Patients with sleep apnea at increased risk for depression, researchers report

FRIDAY, Oct. 2, 2015 (HealthDay News) -- Patients with obstructive sleep apnea (OSA) are at increased risk for depression, but continuous positive airway pressure (CPAP) therapy may ease their depression symptoms, a new study suggests. The findings appear in the September issue of the Journal of Clinical Sleep Medicine.

The Australian study included 293 men and women who were newly diagnosed with OSA. Nearly 73 percent had depression when the study began. The worse their apnea, the more severe their depression.

After three months, 4 percent of the 228 OSA patients who used CPAP for an average of at least five hours a night still had clinically significant symptoms of depression. At the start of the study, 41 patients reported suicidal ideation. After three months of CPAP therapy, none of them had persistent suicidal thoughts.
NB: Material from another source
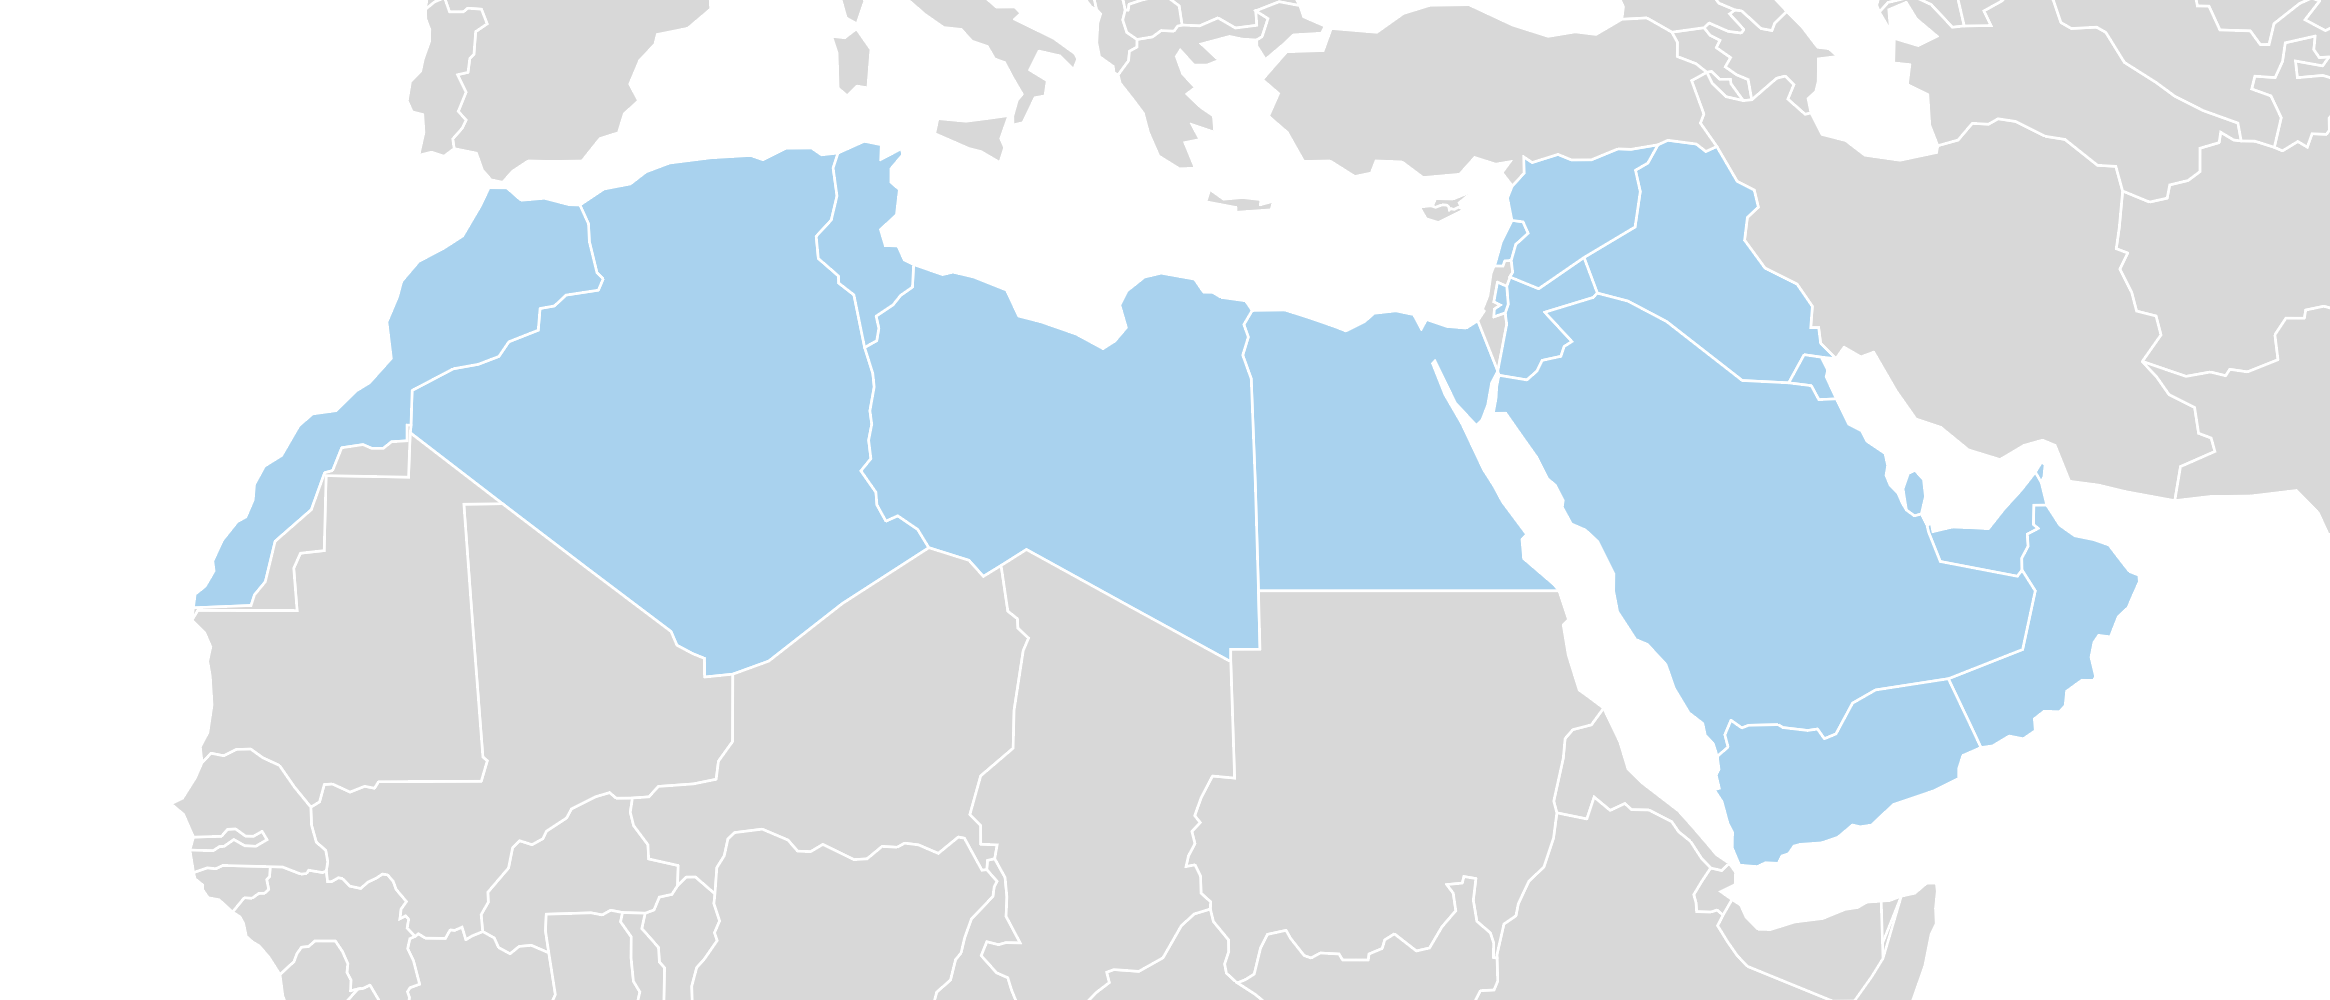  GenTrack Arab States

"Effective treatment of OSA resulted in substantial improvement in depressive symptoms, including suicidal ideation," senior author David Hillman, M.D., said in a journal news release. Hillman is a clinical professor at the University of Western Australia and a sleep physician at the Sir Charles Gairdner Hospital in Perth. "The findings highlight the potential for OSA, a notoriously underdiagnosed condition, to be misdiagnosed as depression," he added.